Persimmon says market no worse

Persimmon said that the speculation over stamp duty had weakened an already difficult housebuilding market but sales volumes had not deteriorated since April.

Hemscott Editor | 21-08-08 | E-mail Article

The housebuilder said pre-tax profits were £100.9m for the six months to the end of June, compared with ££281.1m last year. This was slightly lower than analysts’ estimates. Revenues slipped from £1,514.4m to £998.4m as home sales dropped 31% year on year.
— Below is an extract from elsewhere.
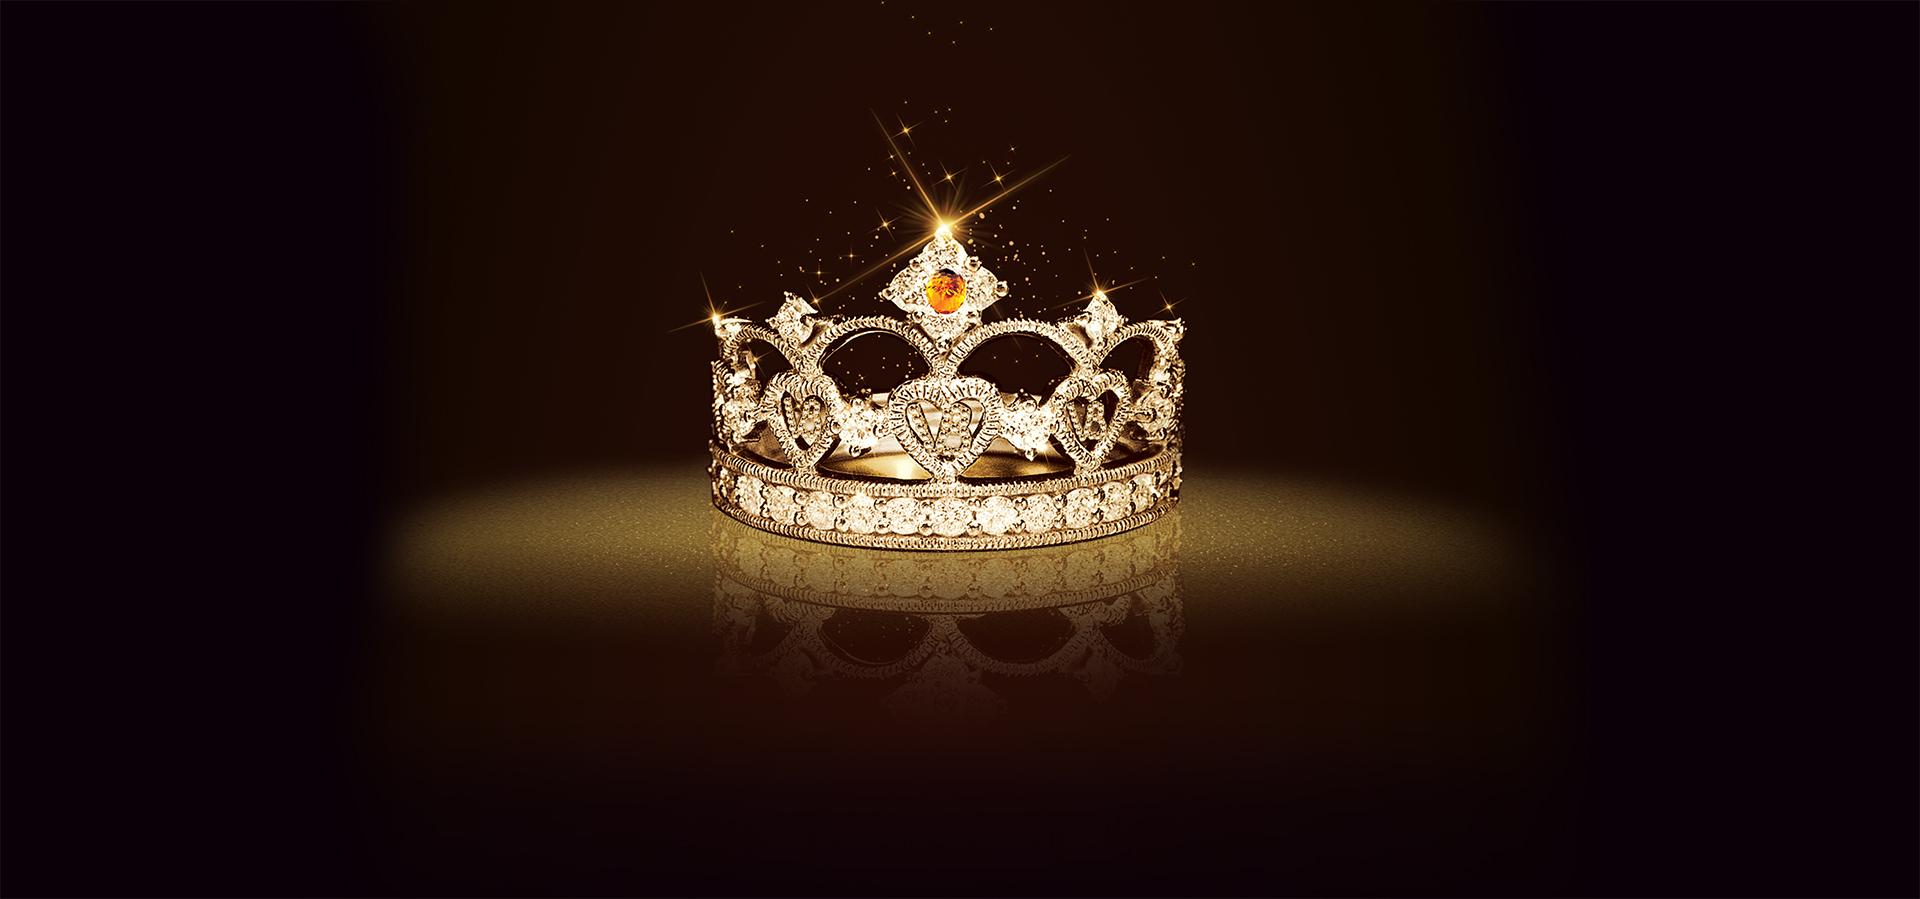 Crown Domineering Black Background, Imperial, Crown, Black ...

The group is taking a number of measures to reduce costs. It has already announced that it will shed 1,100 jobs. It is also reducing its land purchases and focusing on increasing the percentage of its business that comes from affordable housing projects. It announced today that it will also be cutting its dividend to 5p per share from 18.5p per share.

There was some light at the end of the tunnel as Persimmon said sales volumes have not deteriorated further since April. However, it added that prices and margins remained under pressure as the industry tried to offload excess stock, leading to heavy discounting. The supply of excess stock is clearing and the group has benefited from a lack of exposure to high rise flats.

The group said that the outlook for 2009 remains difficult to predict, but activity levels in the Autumn should give a clearer picture.

Its current debt levels are £905.5m, giving it a gearing level of around 40%. This is comfortably within its committed facilities of £1.4bn. The group has written down its land value by £40m.

The news sent the shares up 37.75p to 336.25p as the market welcomed signs that things weren’t getting any worse for the group. They are still a long way from their highs of over 1,500p at the beginning of last year, but equally this represents something of a recovery from their lows of 250p. The shares now trade at 9.76x earnings, which remains high for a housebuilder. This is still a dangerous sector, though Persimmon is one of the best in class.